Keep Your Ideas Secret


With regard to confidentiality, one must understand that there’s no right to stop someone from copying your invention until your patent actually issues. Even after you file your patent application, even after the application is published by the patent office, you still cannot enforce it. And we give this advice to people.

We can’t tell them what they must do, but we tell them about the dangers of informing other people, of showing it to the public, of putting it on the internet, of selling it before they have patent protection. And it can be quite dangerous. NDAs are one way to go about it, separate from a patent, but an NDA is a contract.

And there are people that will respect the contract and people that just won’t respect the contract. So you can have an NDA with someone, but more important than that, whether you have the NDA or not, is to know the people you’re dealing with. And the most conservative way is to keep your idea secret at least until the patent application is published, which is 18 months after filing.
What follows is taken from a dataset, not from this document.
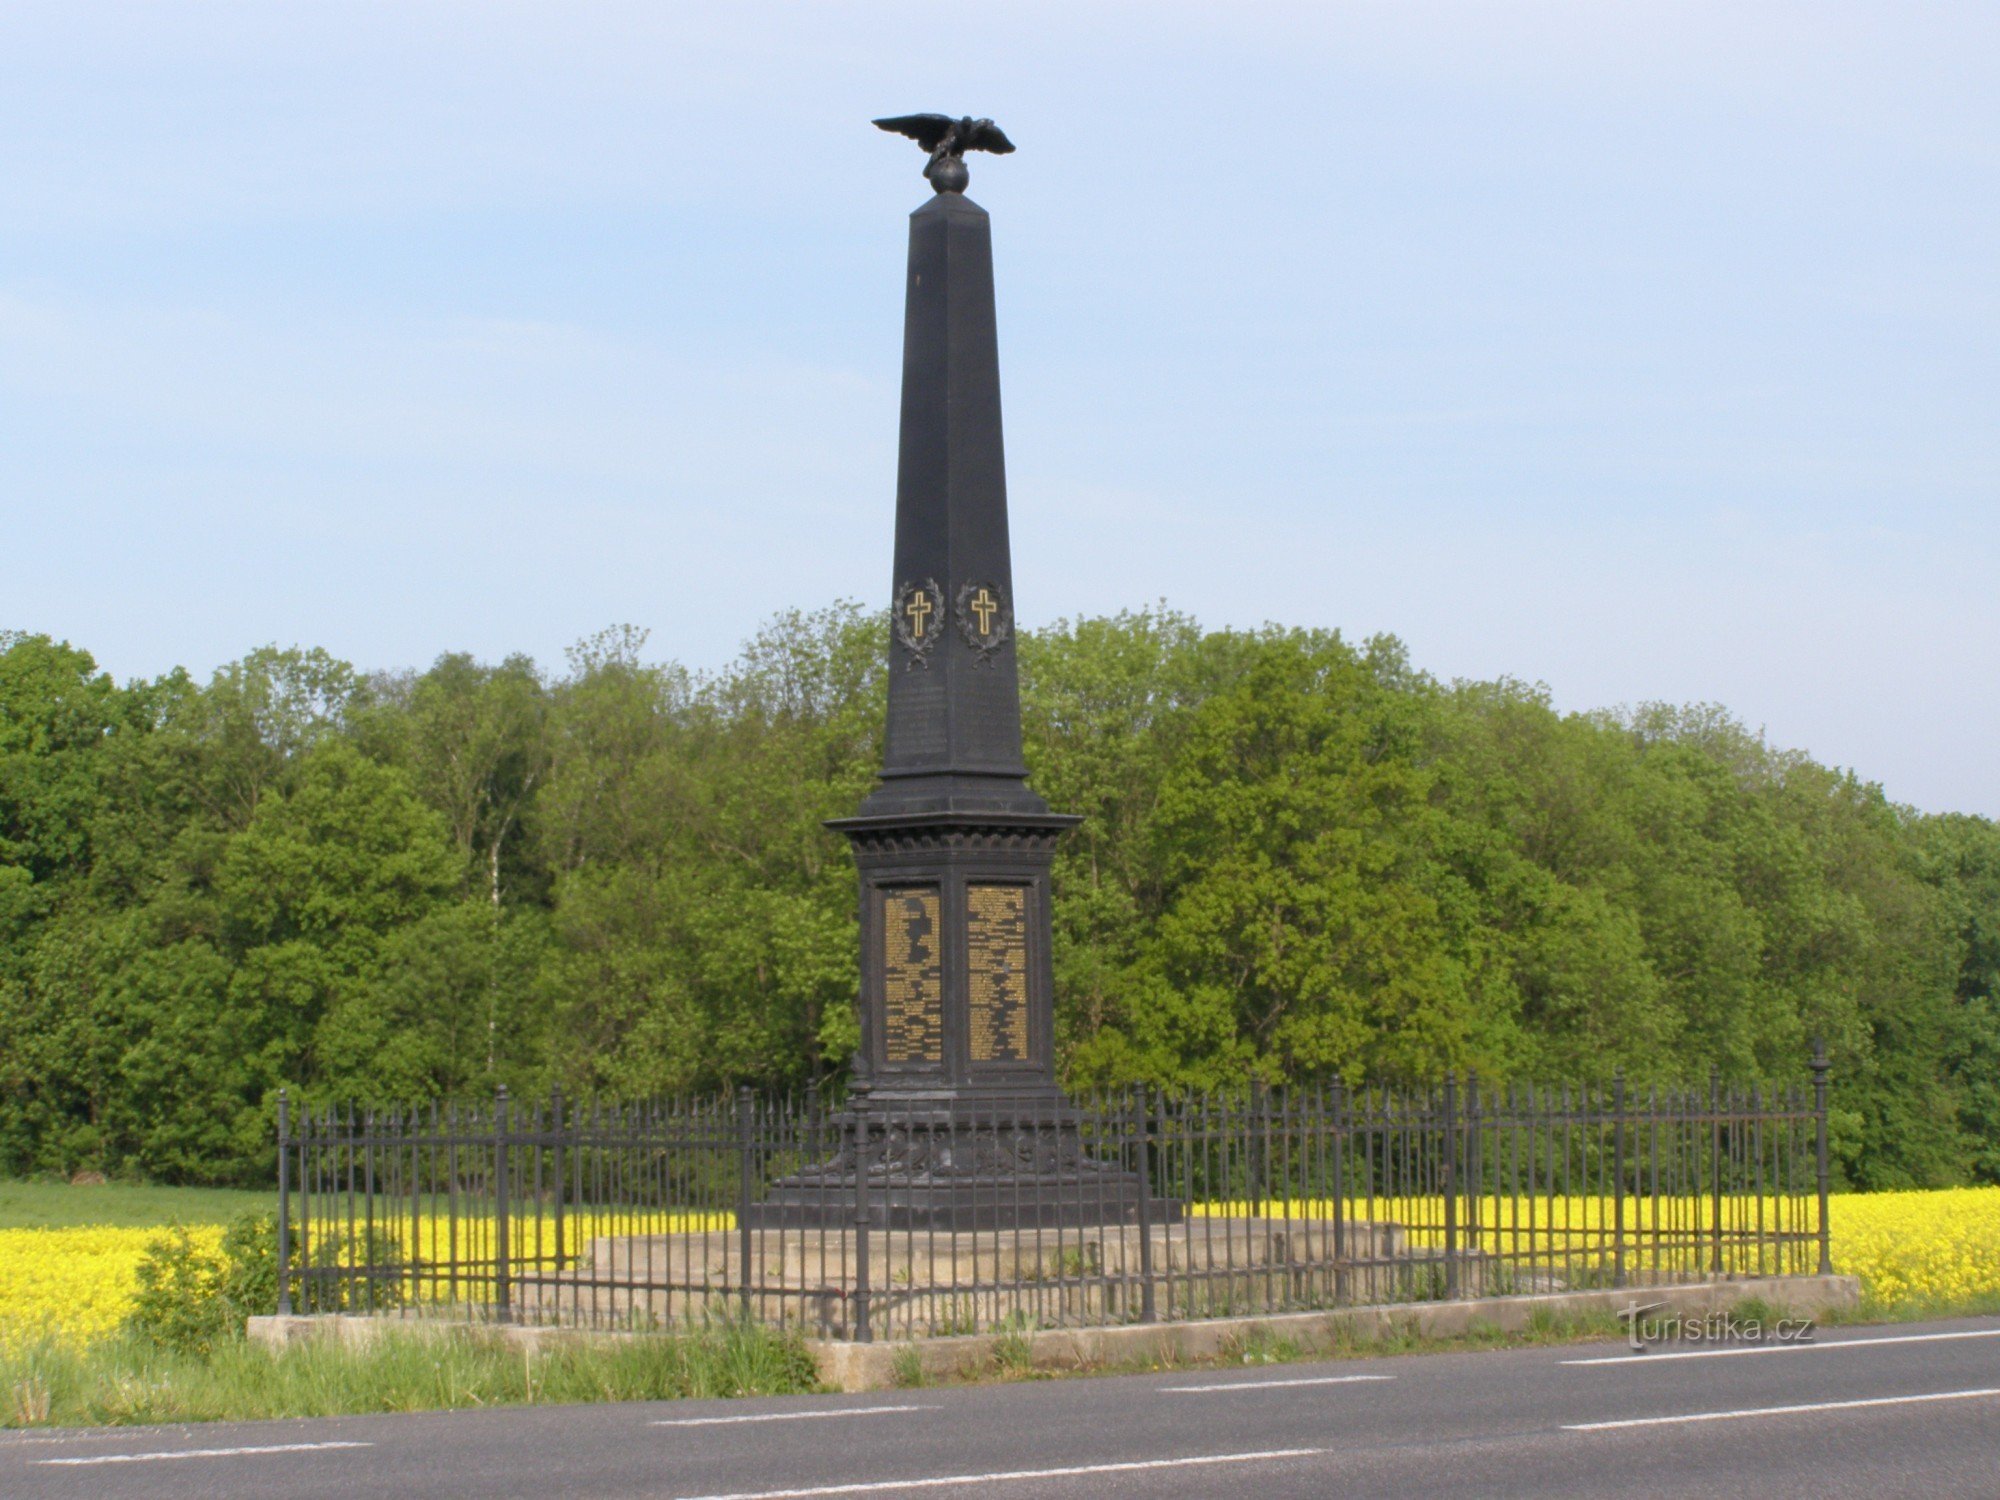 Holá - オーストリア第 49 歩兵連隊の記念碑

The Role of a Patent Search


People come into our office and they present an invention and they say, this has never been done before. And then of course, we have to evaluate who they are and how well they know the industry and the products. So generally they’ve gone to the store, they’ve gone to Home Depot, they’ve looked on the internet. They’ve searched for it and they haven’t been able to find it and that’s fine because that’s a good way to begin.

But a professional patent searcher like we have in our office will use much different tools. For example, the searching system in the patent office is by class and subclass and sub-subclass.
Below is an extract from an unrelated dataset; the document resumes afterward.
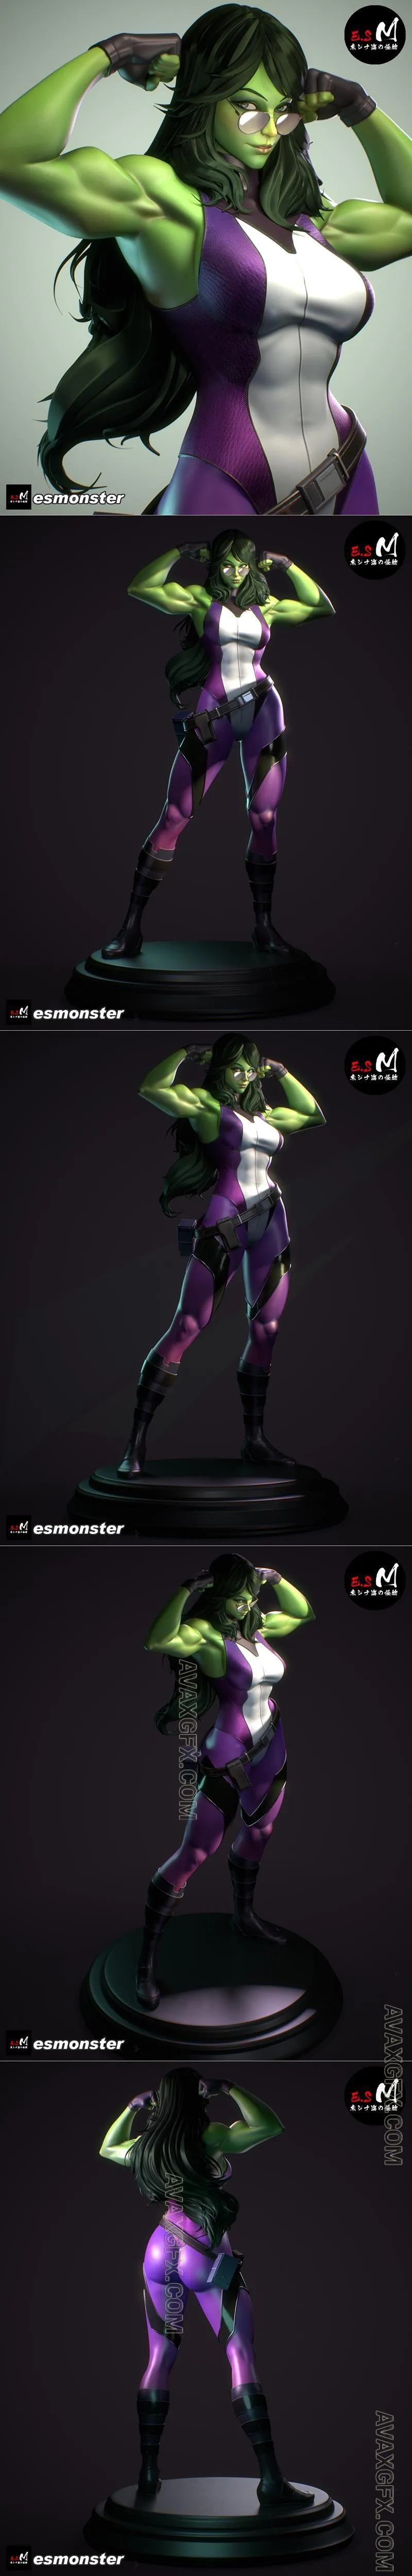 E.S Monster - She-Hulk Marvel - STL 3D Model

Even though we search for the particular invention, even if we can’t find exactly that invention, knowing what other people have done help us to write the patent application, and particularly the claims. The claims are written in such a way as to get around what people have done before. And therefore, what we find is it actually streamlines the patent process.

It makes it shorter, makes it less expensive because there are less, there’s less give and take back and forth with the patent examiner after a search has been done.

US Patent 101


What’s the extent of coverage of a U.S. patent? As with anything patents are territorial, a patent will cover, or I should say a U.S. patent will cover the United States and its territories, including Puerto Rico. People ask me, is there such a thing as an international? Now, I stress the word patent because there is no such thing as an international patent, where one patent covers the whole world.
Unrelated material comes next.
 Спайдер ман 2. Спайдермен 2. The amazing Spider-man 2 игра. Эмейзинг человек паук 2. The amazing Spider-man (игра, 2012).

Of course there is something, we have something called the PCT. It’s where I present my U.S. patent that I did. I present it to the world and I say, I would like to prosecute this patent in the following designated countries. So I buy some time to take my U.S. patent and I present it to multiple countries.

Patents are Value!


There are companies that are built on patents, especially small companies, that are trying to develop in the field. For example, based on a particular product or, a product line, and patents are extremely important for them because patents are value, it’s, an intellectual property is property.

Just as though the company owned a car or a building, or other kinds of rights. You can go to the bank and you can borrow against the patent. And you can finance your company. You can, you can go to venture capitalists and they’ll loan you money based on your patent. And again, especially startups, this is extremely important.

Patent Searches 101


If I provide you all the background information of what your competitors are doing, you can compare that to what you’re doing and you can actually improve your particular product based on what you see the ideas other people are doing and you can compare it to what you have. So not only do you protect yourself and see whether your item is patentable, you also get a database of what’s out there and you can improve your product based on that database.